The statue was the result of a promise made by Fulgencio Batista’s wife – Batista was president of Cuba in the ‘40s and ‘50s. She feared for her life after an attack on the Presidential Palace. She needed a Christ to bless the city and to protect her husband.
A call was made for all artists, and it was Jilma Madera’s proposal that was finally chosen.
The sculptor moved to Rome to oversee the work. It isn’t a single piece, but is made up of different Carrara marble blocks. El Cristo was blessed by Pope Pius XII before reaching the island and was inaugurated in 1958.
Being outside, it suffered physical damages to its structure, in 1961, 1962 and 1986, the first time because it didn’t have lightning rods; and later because of environmental pollution, that led to salt crust, stains and detachment.
In 2013, a rigorous study was carried out for its reconstruction. The team working on it were awarded the National Monument Conservation Award.

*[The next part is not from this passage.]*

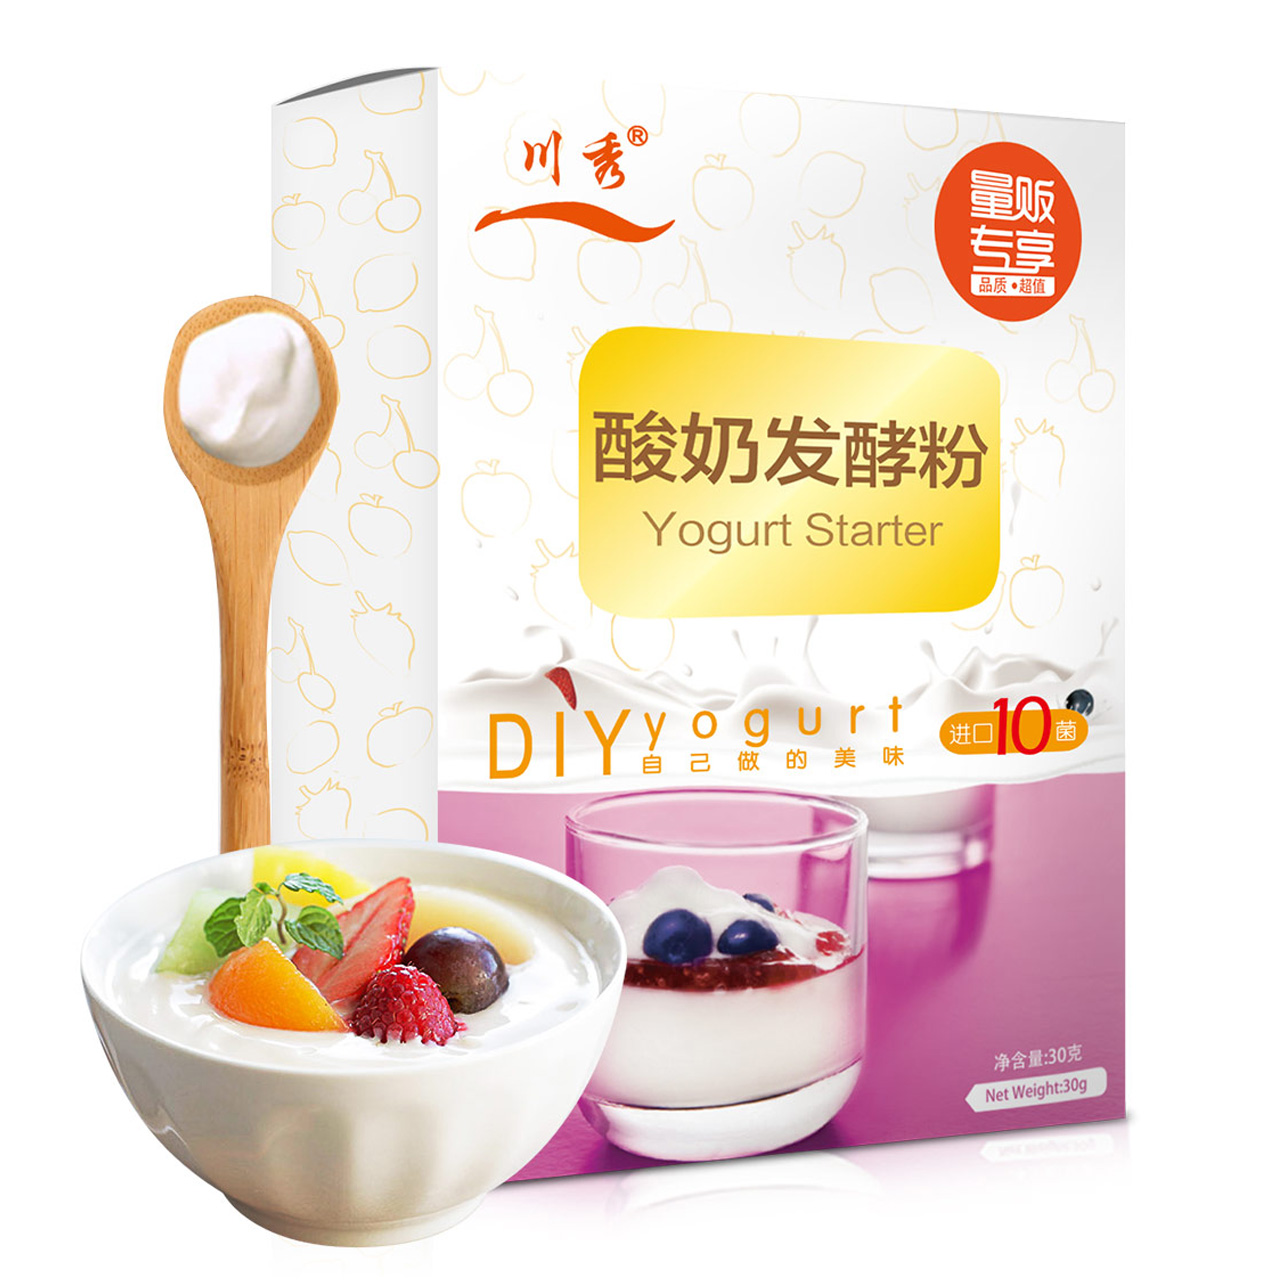 川秀10菌酸奶发酵菌粉双歧杆菌益生菌量贩酸奶机家用自制乳酸菌种

At 20 meters tall, and a 3 meter base, it displays all of its beauty. I have read that its sculptor designed him like a man, not like a supernatural figure.
The scorching sun shines over the statue for the most part of the day, but there are always visitors in the area regardless, taking pictures of him.
The panoramic view from this height is like a post card of Havana, with its wonders, overlooking its interior aspects, its poverty.
When I got there, a Chinese puppy caught my attention, who was chasing after the tourists as they walked around.
I tried to call him over to take a photo, but he ignored me. Until I was able to capture his funny look.
Getting to El Cristo isn’t difficult at all. On Avenida del Puerto, at the Emboque de Luz, the boat terminal, you take the one heading for Casablanca. The journey is only 9 minutes long.
It’s nice to enjoy the seascape, on your way there and back, seeing the buildings on both sides. While Casablanca is quite an ugly town, it’s interesting to see the little houses people have built on the hillside before reaching Cristo, many of them on sheer strips.
There are two paths to go up and come down, one is a long and steep staircase. The other skirts along the hill, surrounded by a stone wall, a circular path, which allows you to enjoy the distant landscape of the other shore, and the greenery of the plants.